Nefesim kesilene kadar bağırıyordum.
Babam,korku, eğer onu kontrol edersen tehlikelere karşı uyanık kalman ve savaşman için bir motivasyondur; eğer korku seni kontrol ederse bir kelepçeye dönüşür, seni kısıtlar ve kararları veren o olur, demişti.İçimde büyüyen korkuyu kontrol edemiyor,elim ayağım titrediğinden doğru düzgün düşünemiyordum.Ağlamaktan kızarmış gözlerimle Barış'a baktım. "Onu bulamayacağız,kesin başına bir şey geldi.""Kötü düşünmeyi bırak, bulacağız Ali'yi."
Güven verircesine koluma dokundu.Elini çektiğinde ilerideki ikili yol ayrımına doğru yürüdüğünü gördüm.İşaret parmağımı sağa çevirerek, "Sen bu tarafa bak,ben sola bakacağım."dedim.Kafasını sallayarak benimle aynı yere yöneldi.

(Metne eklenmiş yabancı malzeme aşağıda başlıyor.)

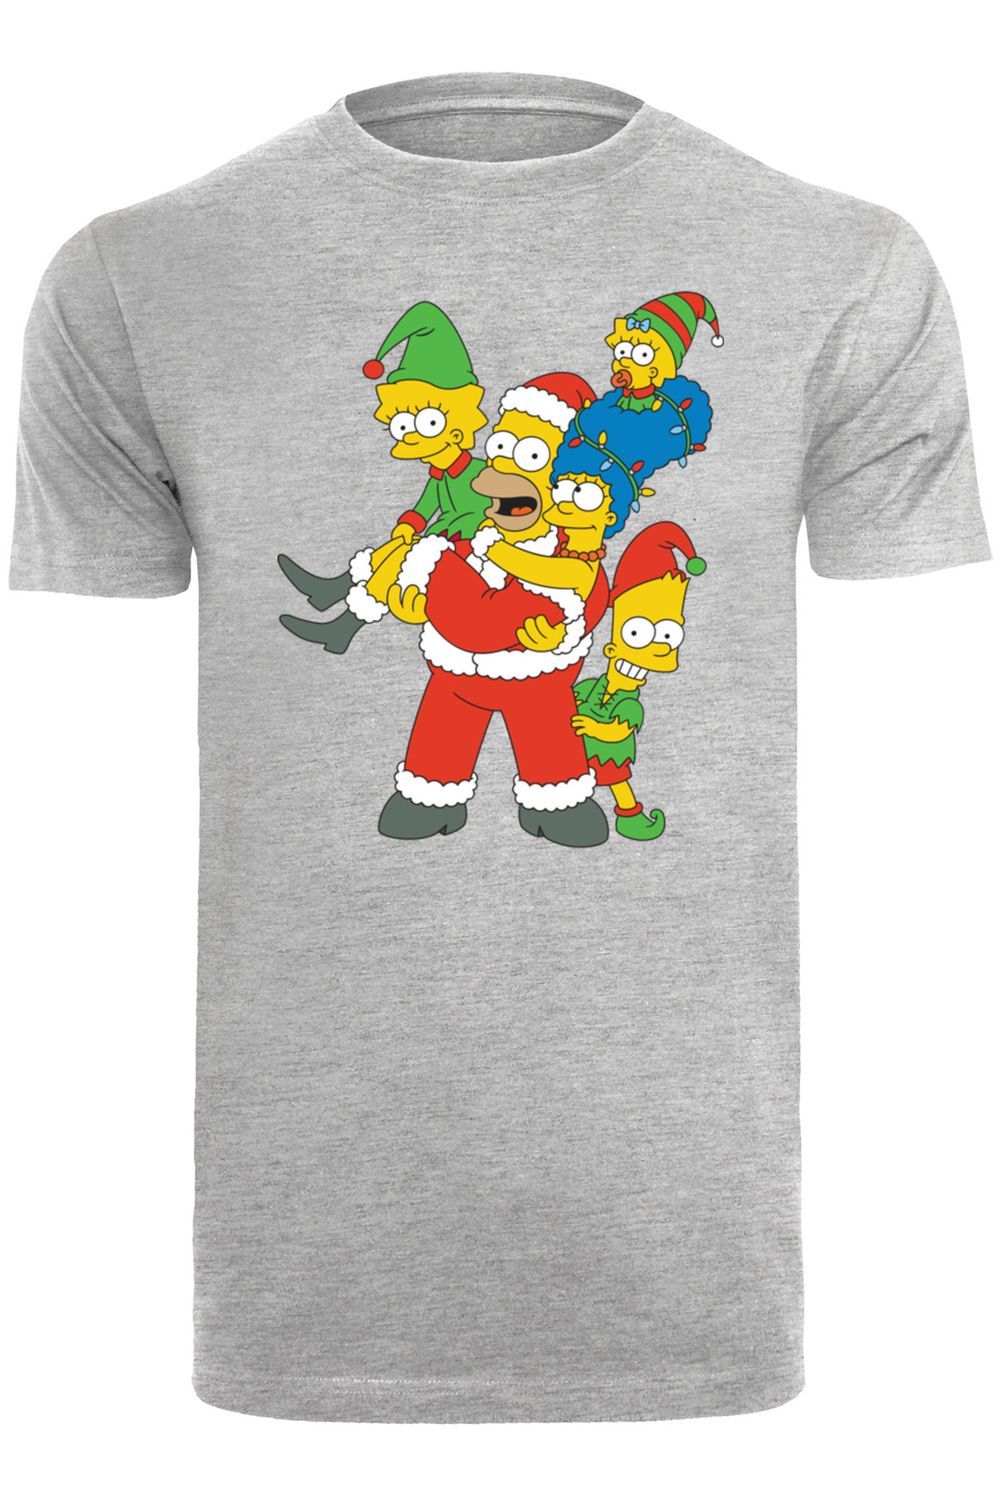 The Family Rundhals F4NT4STIC - T-Shirt Herren -GRY Christmas Trendyol Simpsons mit

"Olmaz,bu halde tek başına gidemezsin."Duraksayarak hızla ona döndüm."Bana ne yapacağımı söyleme Barış,"ellerimi saçlarımdan geçirdim ve derin bir nefes aldıktan sonra ses tonumu biraz daha alçalttım."Bak,onu hemen bulmamız gerekiyor tamam mı?Lütfen,soldan git."
Başını yana çevirdim,ama ona bakmadım.
Barış,onu görebilmem için görüş alanıma girdi.Sanki şüphesi yüzünden eziyet çekiyor,bir şey yapmaya cesaret edemiyor, veya aksine kendini caydırıyor gibiydi.
Sonunda kabul etti,ve başını ağır ağır sallayarak sola döndü.Sokağın sonuna kadar koştum.Bağırdım ama karşılığında hiçbir ses duyamadım.Ali,küçükken kıskandığım,ergenken kızdığım. İlerleyen yaşlarda ise hiçbir şeye değişmeyeceğim, beni koşulsuz şartsız seven tek insandı.
Birlikteyken birbirimizi yesekte,ayrıyken birbirimizi özlerdik.Hiçbir yerde olmaması daha çok sinirimi bozuyordu.Hepsinin annemlerin boşanmaları yüzünden olduğunu biliyordum.Yere çöktüm,bitkince kaldırımın kenarına oturdum.Barış buluşacağımız noktaya daha geç geldi.Sarı kıvırcık saçları terden alnına yapışıyordu,eğilerek dizini tuttu."Hiçbir yerde yok.Sokağın içindeki dükkanlara, mağazalara,her yere baktım."
"Biliyorum."gözlerimi sildim."Bende bulamadım,hadi geri gidelim.48 saat dolmuştur, belki polise gideriz."Uzattığı elini tutarak ayağa kalktım.Arka cebime sıkıştırdığım telefonum çalmaya başladığında aceleyle yerinden çıkardım.
Barış heyecanlanarak telefonu gösterdi.
"Baban arıyor."Telefonu kulağıma götürdüğümde babamın rahatlamış,ama oldukça kızgın sesini duydum."Ali'yi bulduk."
"Neredeymiş?"
"Annen almış."
"Ne?Annem Fransa'da,nasıl alsın?"
Derin bir iç çekerek, "Sabah gelmiş. Duruşma öncesi Ali'yi almak istemiş ama tabi ki benimle konuşmamaya yemin ettiği için haber verme gereksinimi duymamış."diyince ruhsuz bir şekilde gülümsemek istedim ama dudaklarım kıvrılmadı, sanki buz tutmuşlardı."Beni arasaymış?Az kalsın kafayı yiyordum."Babamın dediklerinden sonra öyle pişmandım ki...Annemin söylediği her şeyi daima kabullendiğim için, sormadığım, sorgulamadığım, aramadığım, geri çekildiğim,en önemlisi de hep ama hep ona karşı çıkmaktan vazgeçtiğim için.
"Sen neredesin?"
Sanki zihnimde dikiş tutmayan bir yara vardı ve duygularım oradan sızıyordu.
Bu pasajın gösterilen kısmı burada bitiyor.